Looks like it’s official: Come 2012, California governor Jerry Brown is gonna try to trick voters into approving one of the most brazen water heists in American history. Gov. Brown’s plan would give control over a huge chunk of Northern California’s water supply to a handful of billionaire Central Valley plantation owners and Southern California real estate developers, allowing them to use even more of the state’s over-tapped water supply, a shared public resource, as a private commodity that they can then turn around and sell on the open market for huge easy profits.
While I took my eye off the California water beat the past few months, the Sacramento Bee reported this shocking detail, buried in a story on Brown’s plan to build a high speed rail:
The rail project is one of two major infrastructure projects on Brown’s agenda. He said today that he will have a plan for the other project – a peripheral canal or other way to move water through or around the Delta – within a year.
What’s a “peripheral canal”? It’s a massive, multi-billion dollar aqueduct that has been a dream-project of California’s oligarchy for a long, long time. The reason: it would give a few billionaire farmers and real estate developers—the two most powerful interests in the state—a new and exclusive way to tap into Northern California’s vast water supply, and pipe it down south via the 700-mile California Aqueduct, handing an unprecedented amount of water-commodity wealth to the state’s megarich. On top of expanding their farm holdings and fueling future real estate developments in the southlands, the peripheral canal will be a key part of a long-term strategy by powerful interests to lay down infrastructure that would enable the creation of a full-fledged “water market” and allow these interests to privatize and sell state water to the highest bidder on the open market, just like any other commodity—and they’d get ahold of this commodity all at the taxpayers’ expense.
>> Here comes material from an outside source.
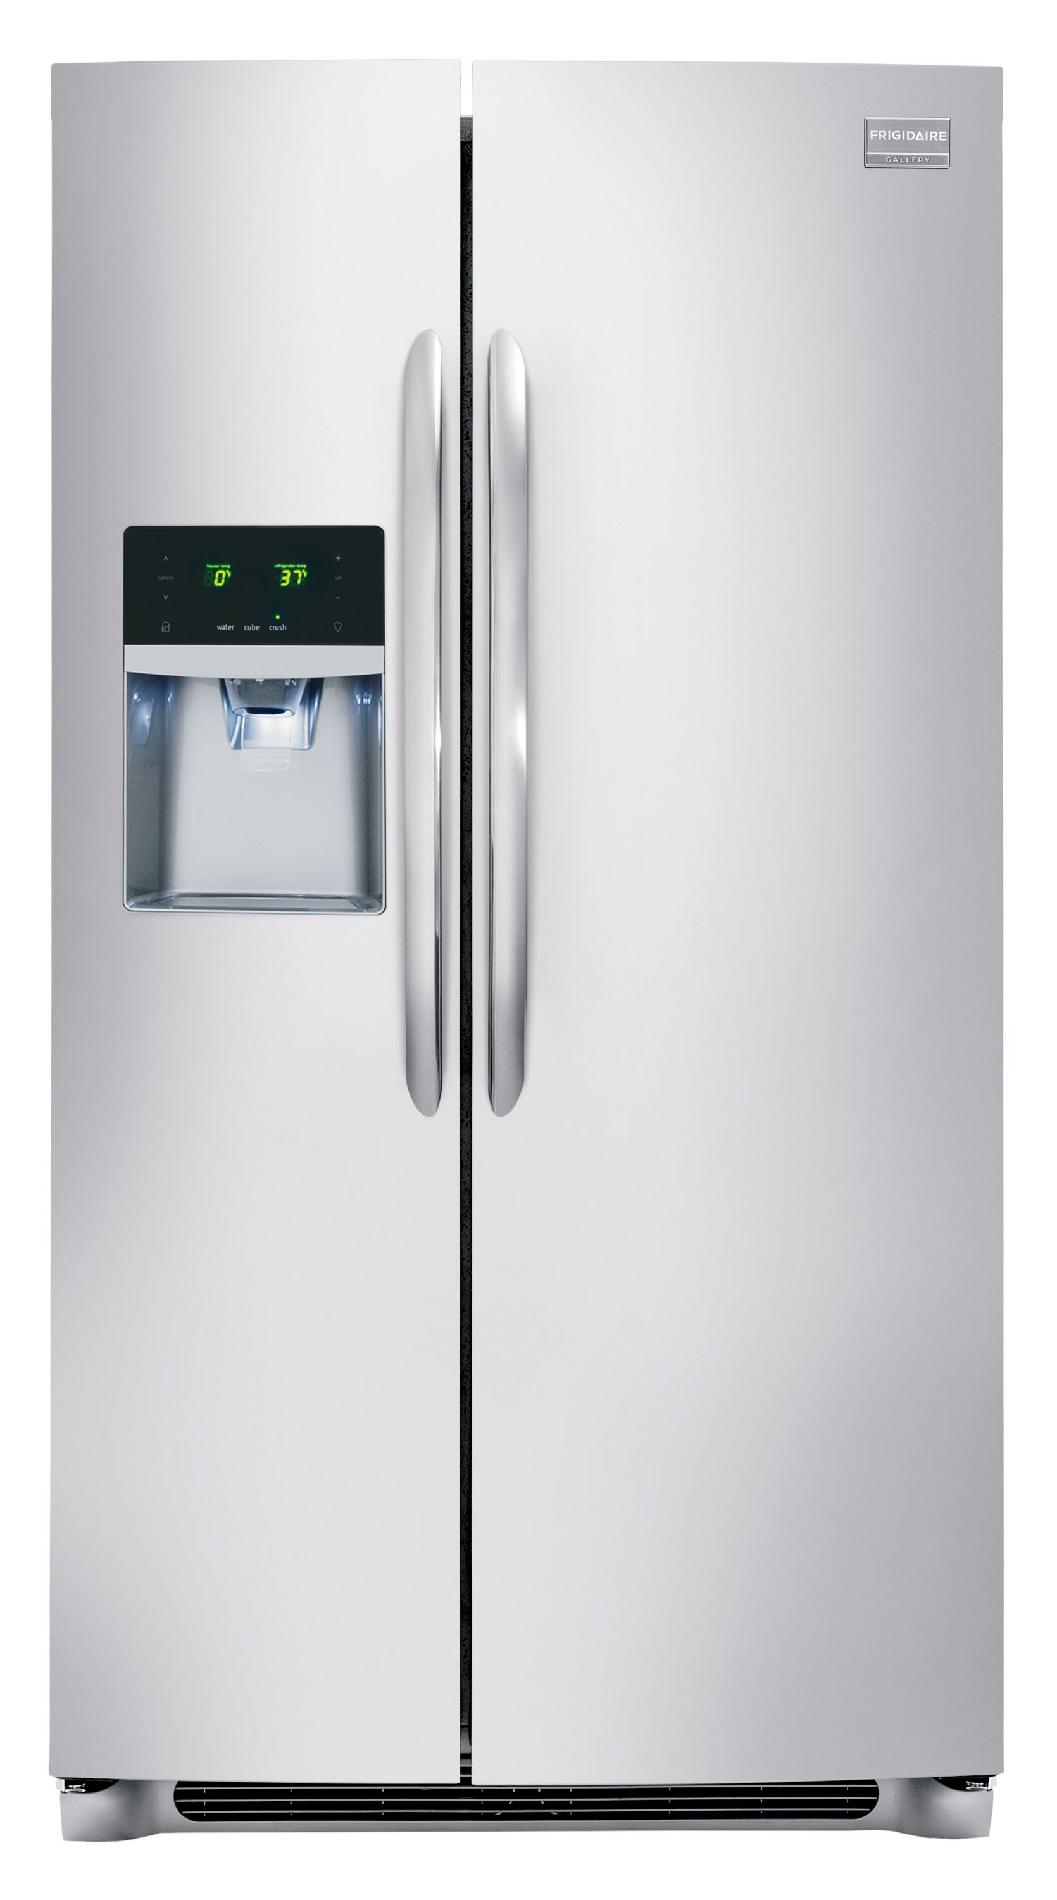 UPC 012505636455 product image for 22.6 cu. ft. Side-by-Side Refrigerator - Stainless Steel | upcitemdb.com

It’s a scam of such monumental proportions that even Enron’s deregulation con artists were eager to get in on the action, back when they set up a water trading subsidiary in California at the height of the dot-com bubble.
PPIC, a think tank funded by the billionaire Bechtel family, recommends building the peripheral canal
I’ve written about a few of the water marketing schemes currently available to California’s billionaire farmers and assorted water interests, many of which include nothing more than buying water at subsidized rates from the state, then turning around and selling it back to a different government agency for a massive profit. Here’s what I wrote about in 2009:
Take the deal that went down this summer between a farmer with a stake in the Kern bank and a McTractHome paradise in the Mojave Desert, 100 miles east of Los Angeles. For roughly $73 million, the Mojave Water Agency acquired permanent rights to 14,000 acre-feet of water pumped out of the Sacramento Delta and delivered via the State Aqueduct, enough water to flood an area the size of San Francisco six inches deep or hydrate up to 30,000 families for a whole year.
The farmer selling the water was not really a “farmer” in the poor, homesteading, buck-toothed sense of the word, but a private Bay Area-based company called Sandridge Partners owned by the Vidovich family. In addition to running a lucrative cotton and almond growing operation in the heart of the Central Valley, the Vidoviches also control a small real estate empire in the Silicon Valley, building and managing estate developments: office complexes, condominiums, mobile home parks, hotels and shopping centers.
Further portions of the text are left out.